La proposta di legge Bongiorno-Carfagna chiede dunque di introdurre due aggravanti per le quali prevedere l'ergastolo, precisamente quella di "femminicidio aggravato" e di omicidio preceduto da anni di maltrattamenti. Nel primo caso, si parla di un inasprimento dell'articolo 576 del Codice penale, con volontà di punire con il carcere a vita chi uccide "in reazione a un'offesa all'onore proprio o della famiglia di appartenenza o a causa della supposta violazione, da parte della vittima, di norme o costumi culturali, religiosi o sociali ovvero di tradizioni proprie della comunità d'origine". Nel secondo, invece, si chiede di accertare la preesistenza di atti di violenza reiterati e continuativi nei confronti della vittima e di punirli con valore reatroattivo.

Ma non solo. La proposta di legge avanzata dalle due deputate introduce anche il reato di "matrimonio forzato" e chiede di equiparare di fronte alla legge marito e convivente, come stabilito dalla Convenzione di Istanbul. La pena per il primo reato va da 1 a 5 anni di carcere e riguarda qualsiasi forma di matrimonio 'coatto' indotto con la violenza, la minaccia o l'inganno (per esempio attirando da un altro stato una persona per costringerla a sposarsi una volta in Italia), mentre per il secondo si parla anche di un'aggravante nel caso in cui il delitto venga commesso nei confronti di un minore o in sua presenza, equivalente a 24 o 30 anni di carcere.

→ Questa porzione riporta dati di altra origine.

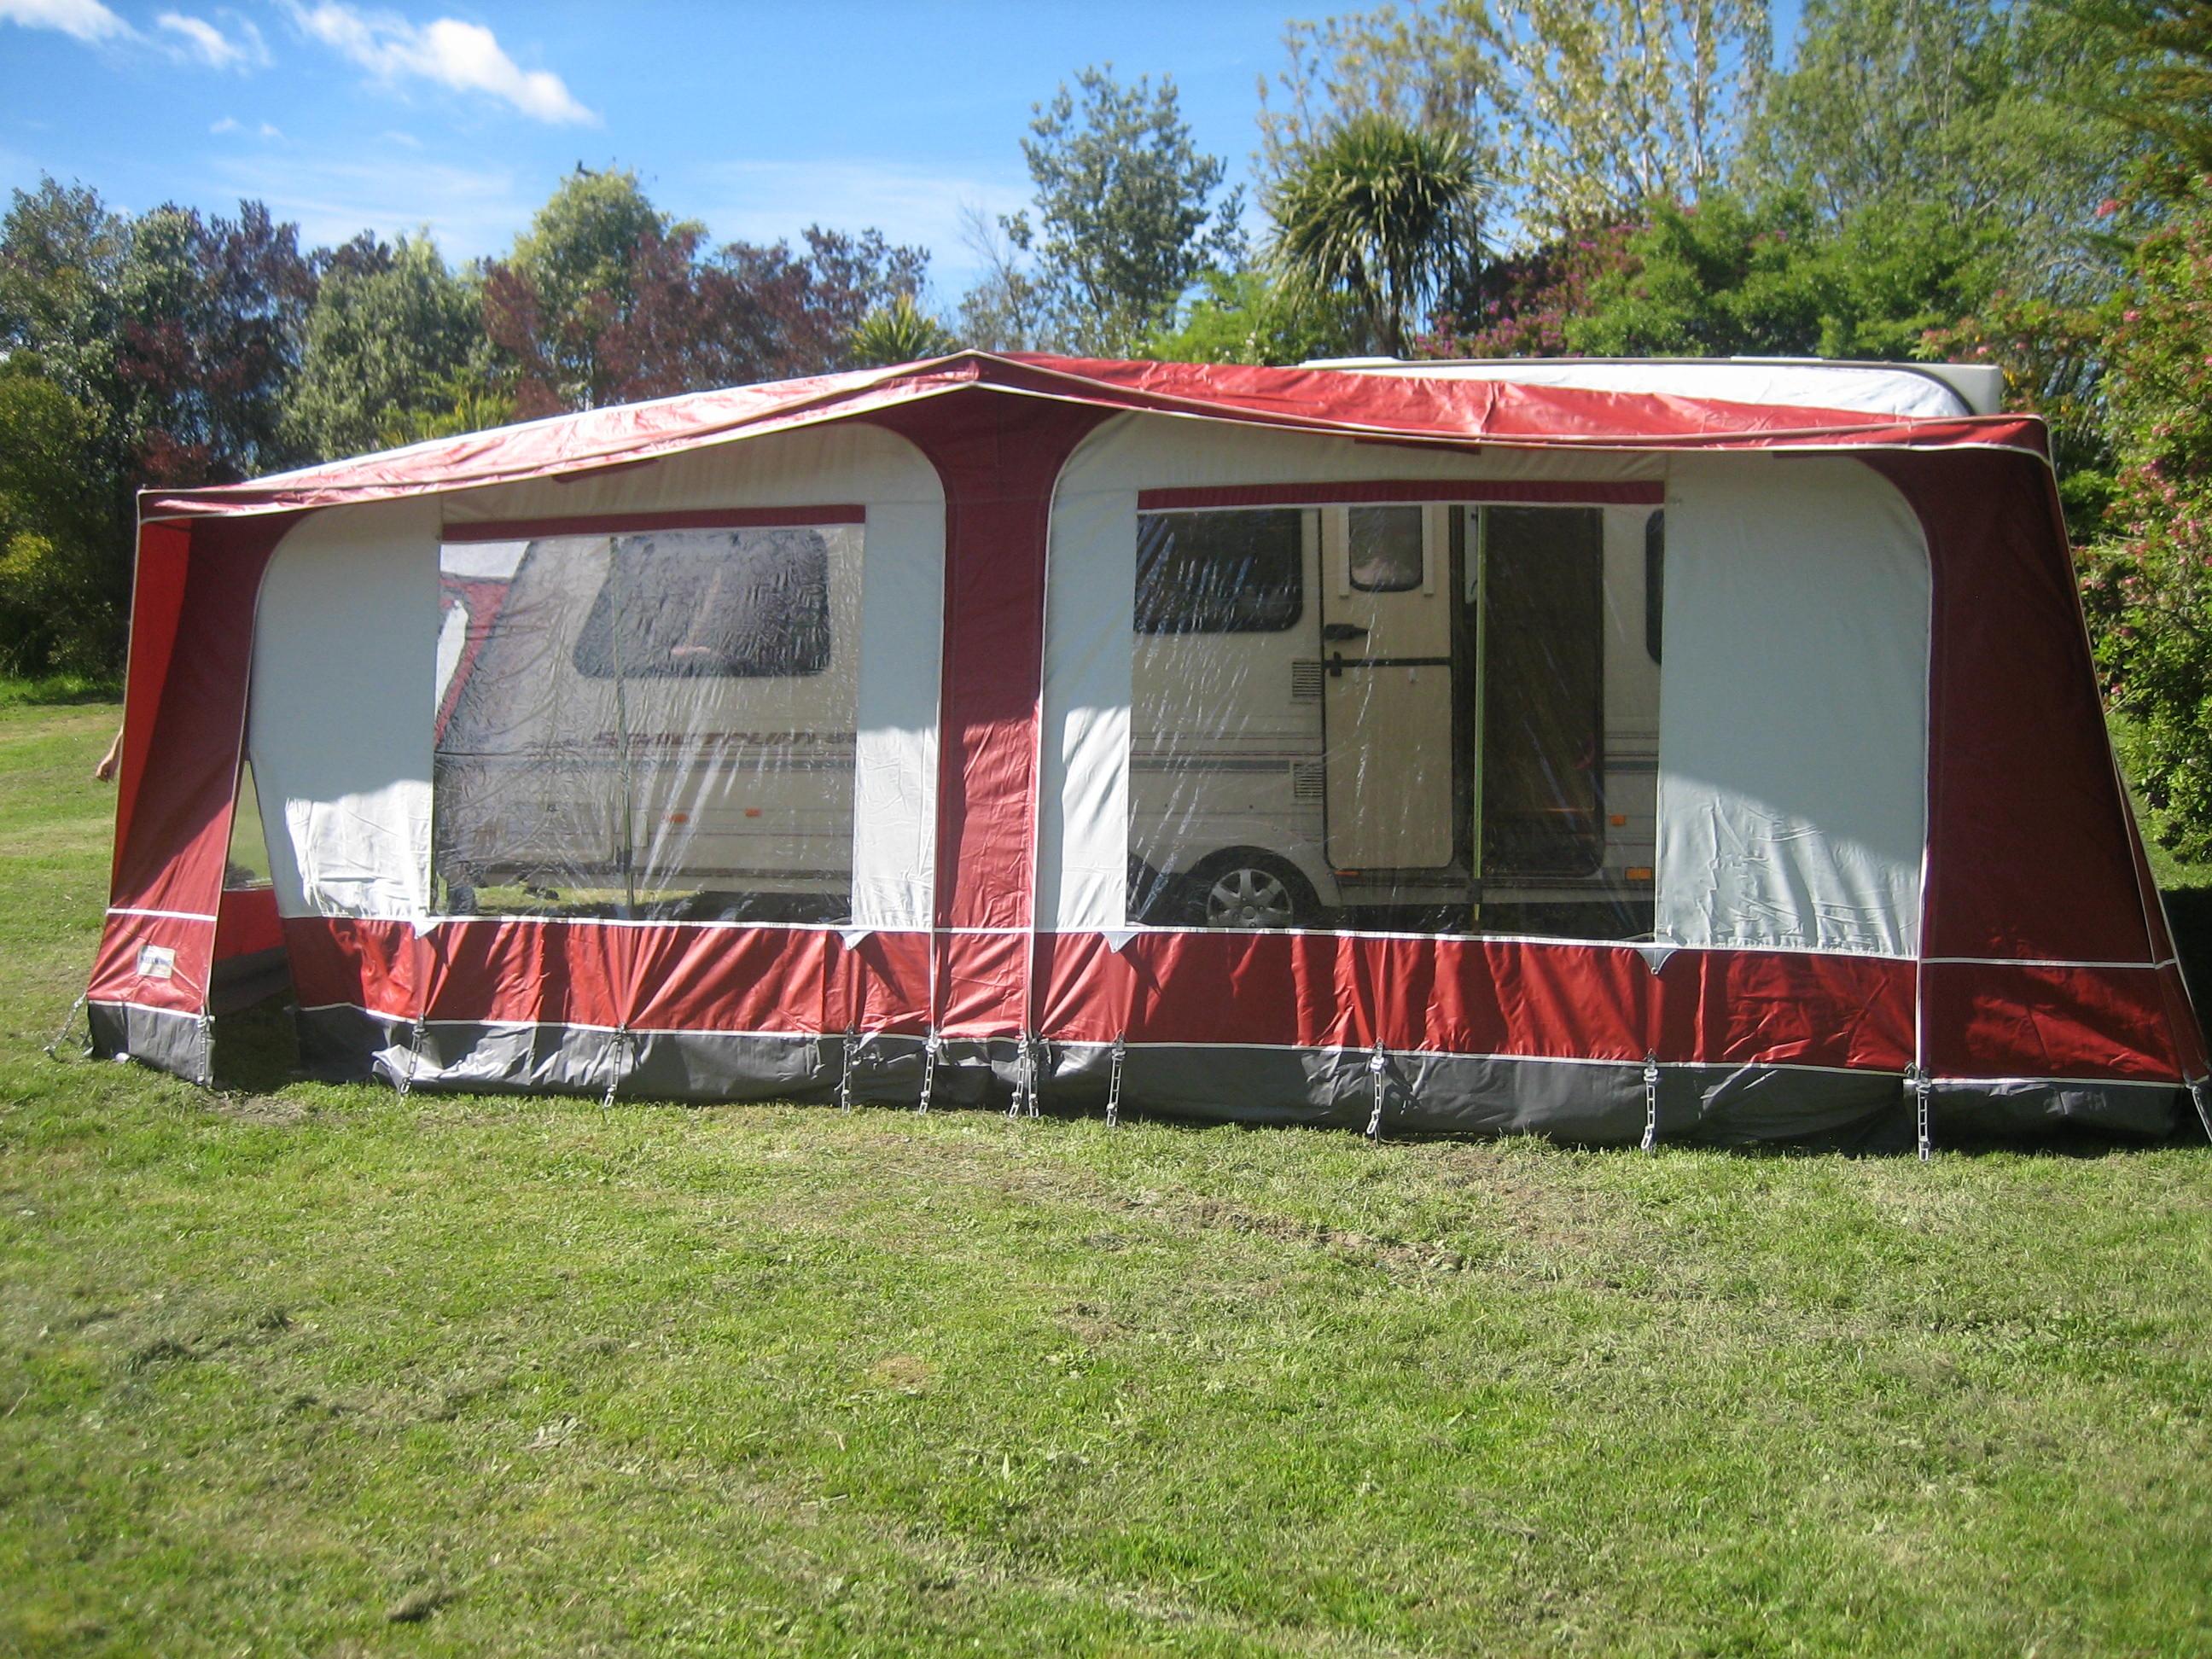 Kina Campers img 0862 Caravan 4/5 berth large 26 Abbey Spectrum 520

Insomma, una "legge forte", come invoca la Bongiorno, che tanto lei che la seconda firmataria Carfagna - che è già riuscita a fare approvare una legge sullo stalking - sperano di riuscire a condurre in porto prima della conclusione della legislatura: "Siccome la violenza sulle donne è un'emergenza nazionale, se ci sarà il supporto dei parlamentari io non escludo anche di poter riuscire a vedere approvata questa legge", ha detto Bongiorno. E a quanto pare, il sostegno c'è: la vice-presidente del gruppo Pdl alla Camera, Barbara Saltamartini, e la candidata alle primarie del Pd, Laura Puppato, stanno infatti invitando tutte le parlamentari a sottoscrivere la proposta perché venga approvata.